▼

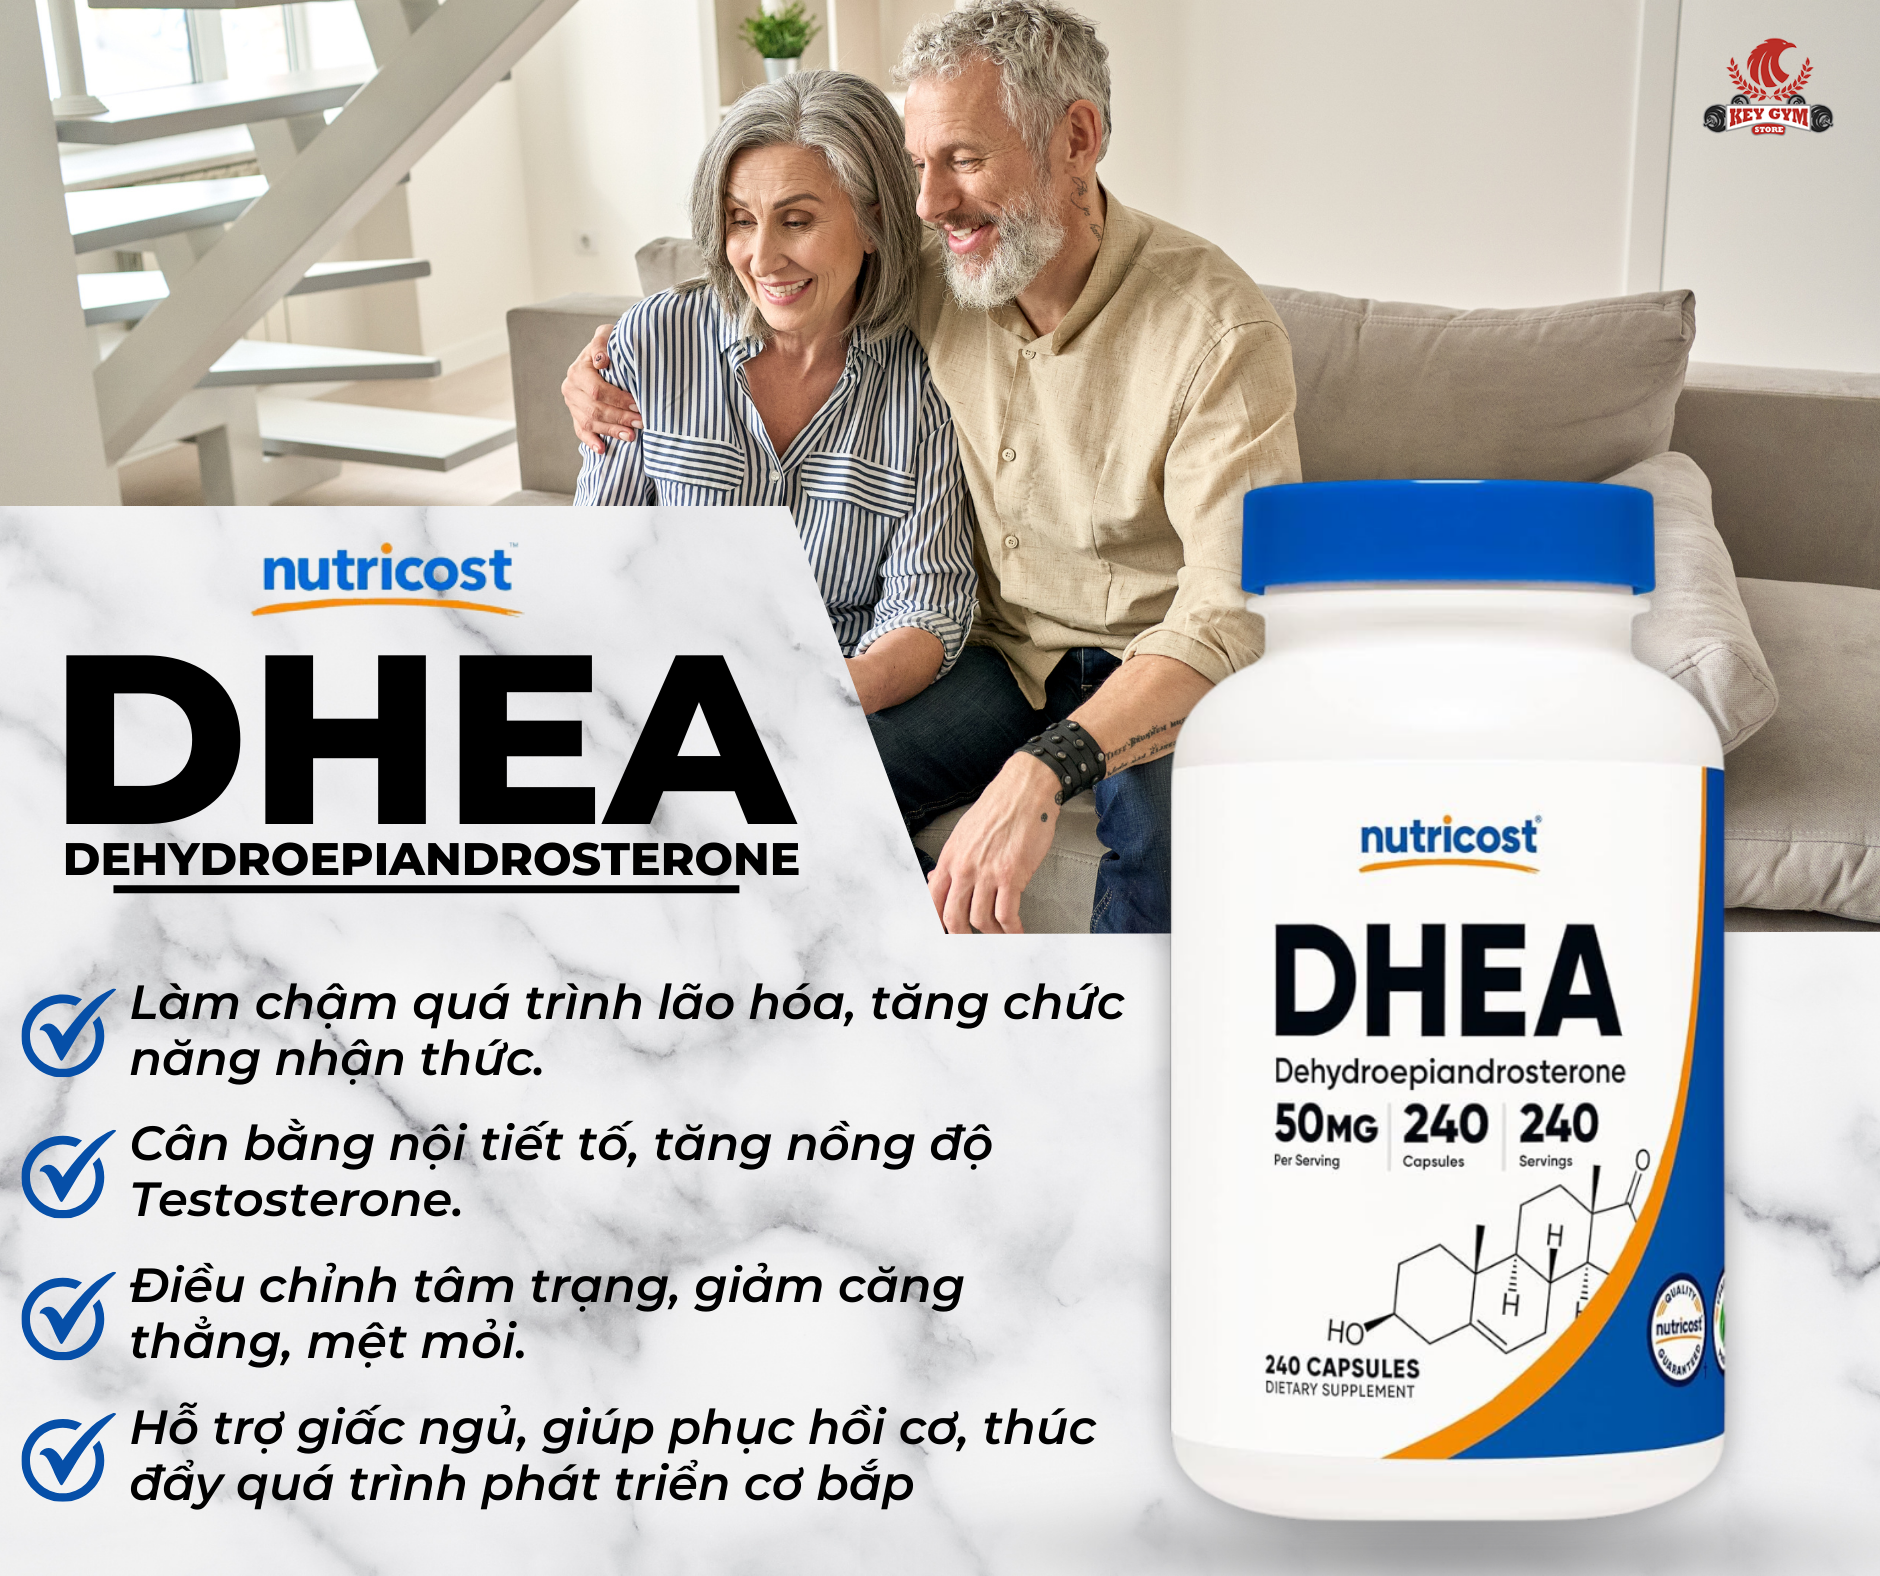 Nutricost DHEA
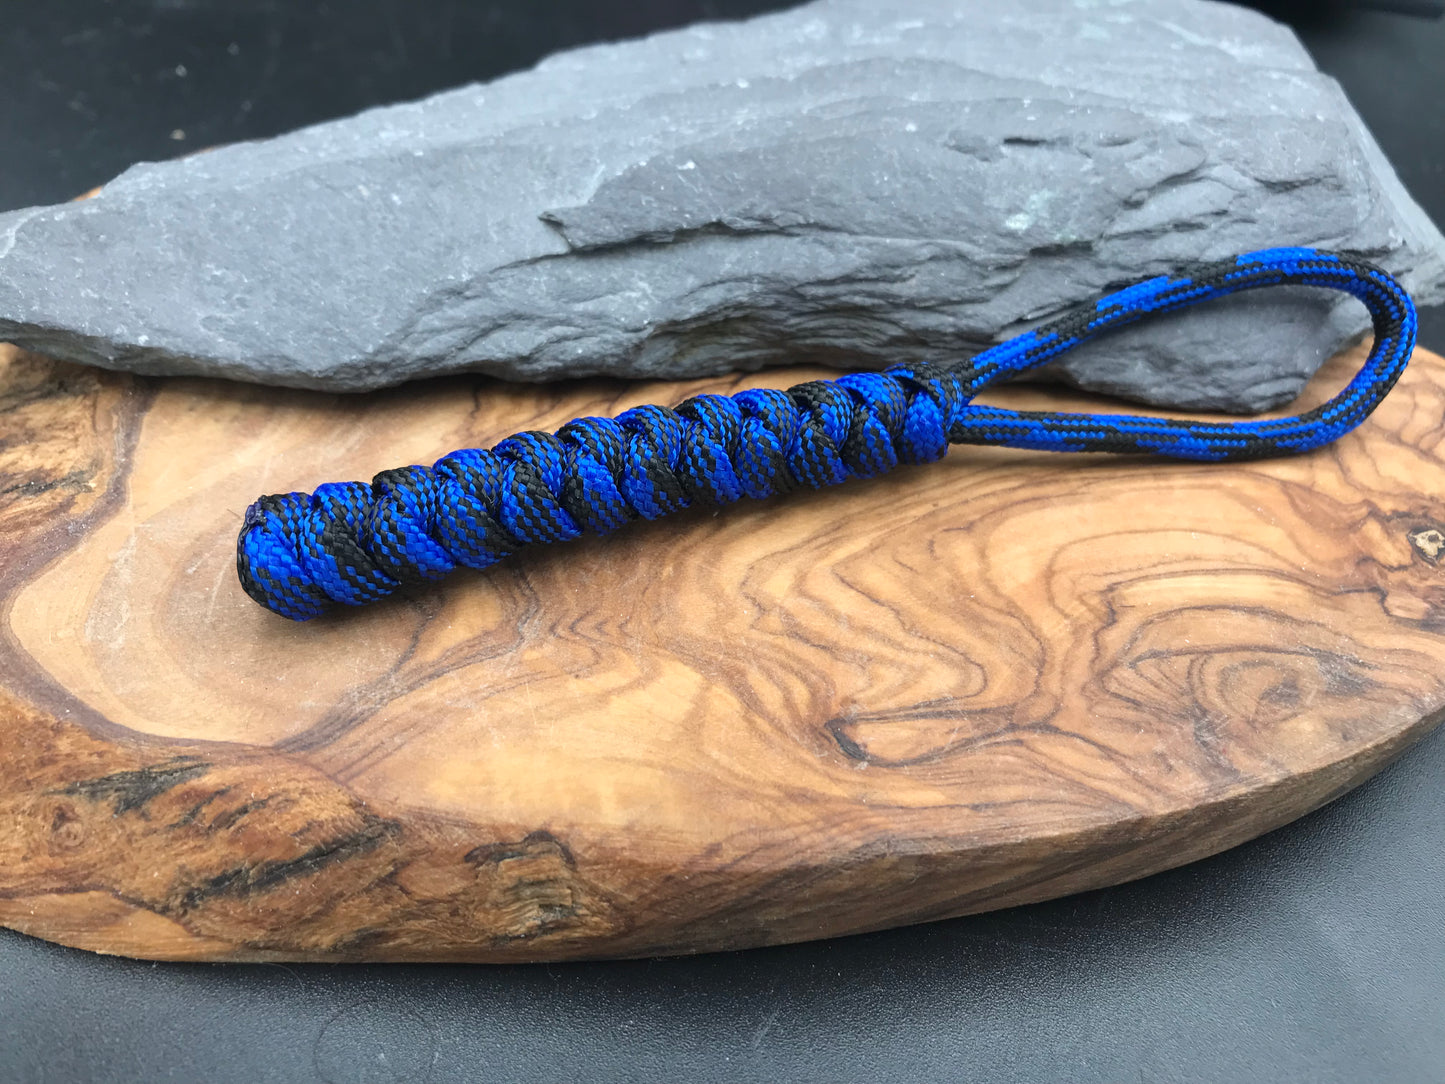 Paracord Lanyards for multi tools and EDCs
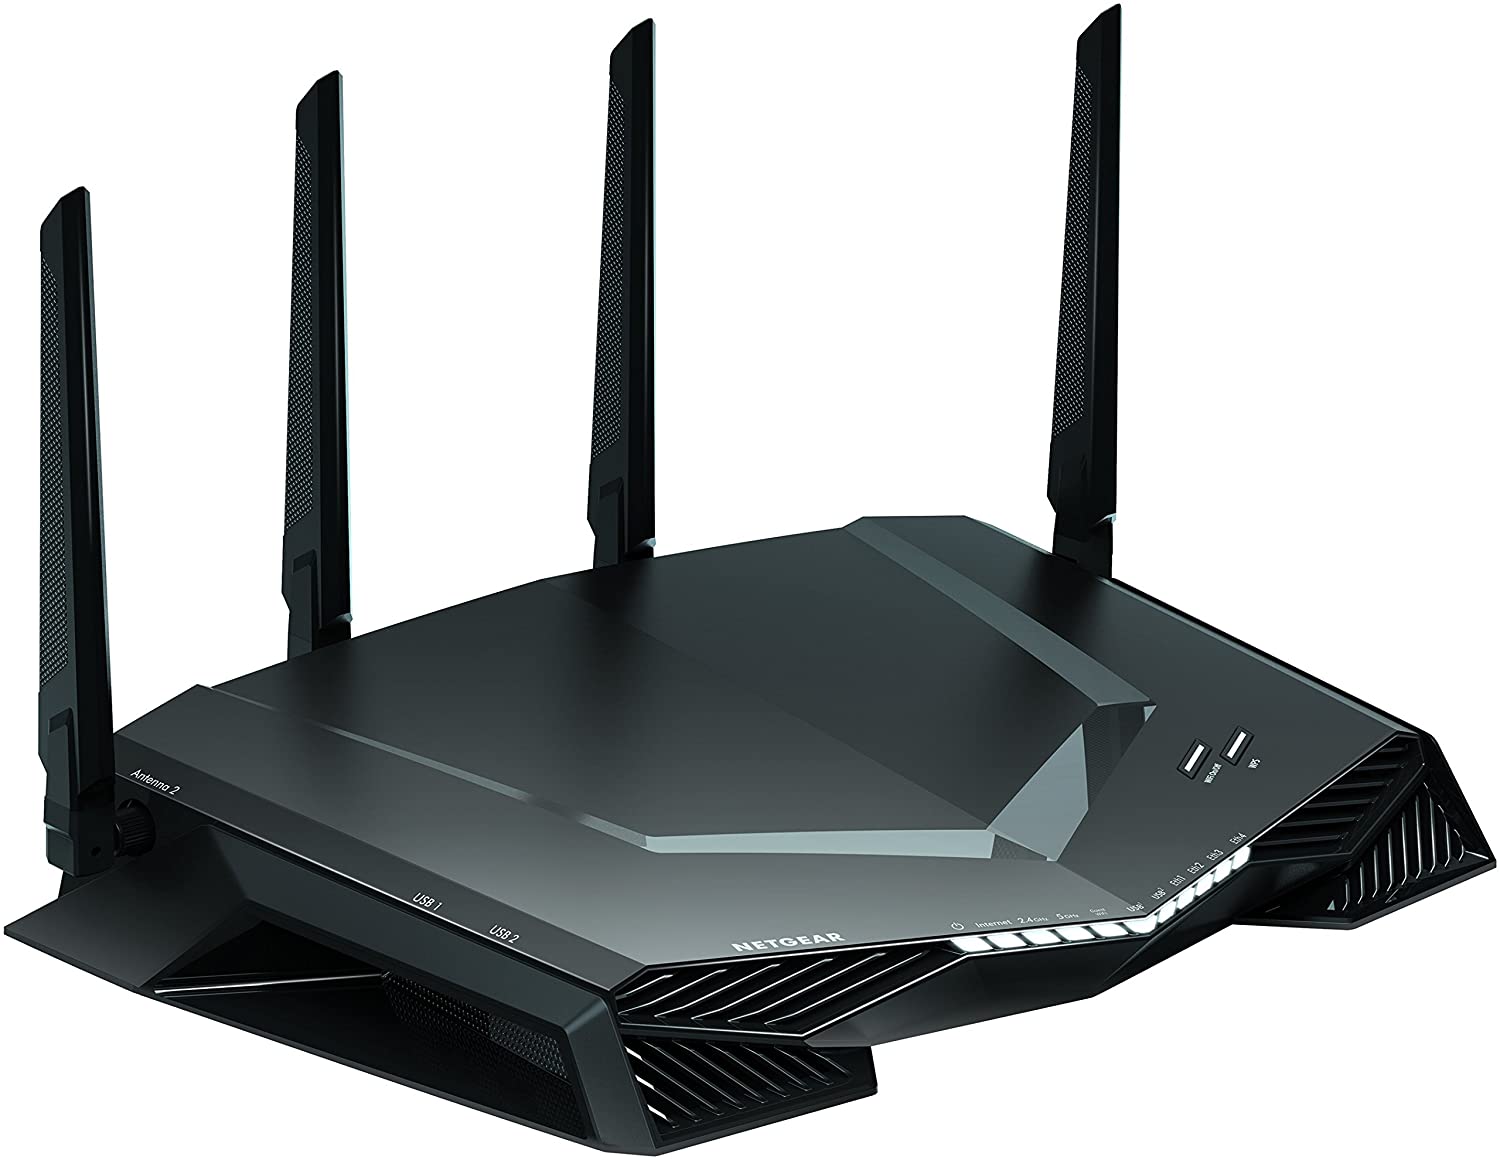 best wifi router 2018 for mac
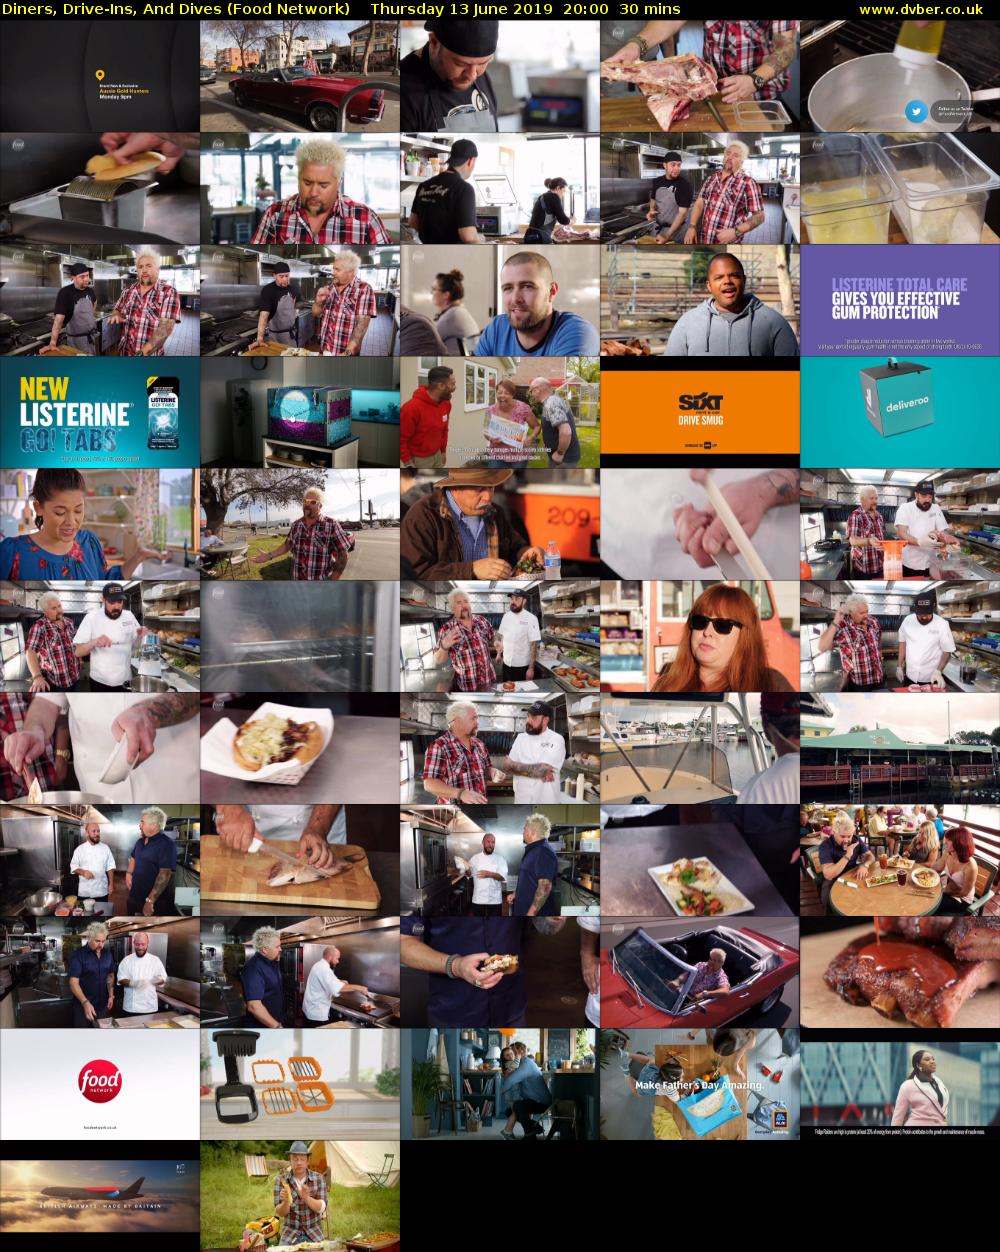 Diners, Drive-Ins, And Dives (Food Network) Thursday 13 June 2019 20:00 - 20:30

▲

Pictures are to be left out, and each line from the one that contains "Paracord Lanyards for multi tools and EDCs" through the end of the listing is to be copied exactly.

▶ _RESPONSE_:
 Paracord Lanyards for multi tools and EDCs
 best wifi router 2018 for mac
 Diners, Drive-Ins, And Dives (Food Network) Thursday 13 June 2019 20:00 - 20:30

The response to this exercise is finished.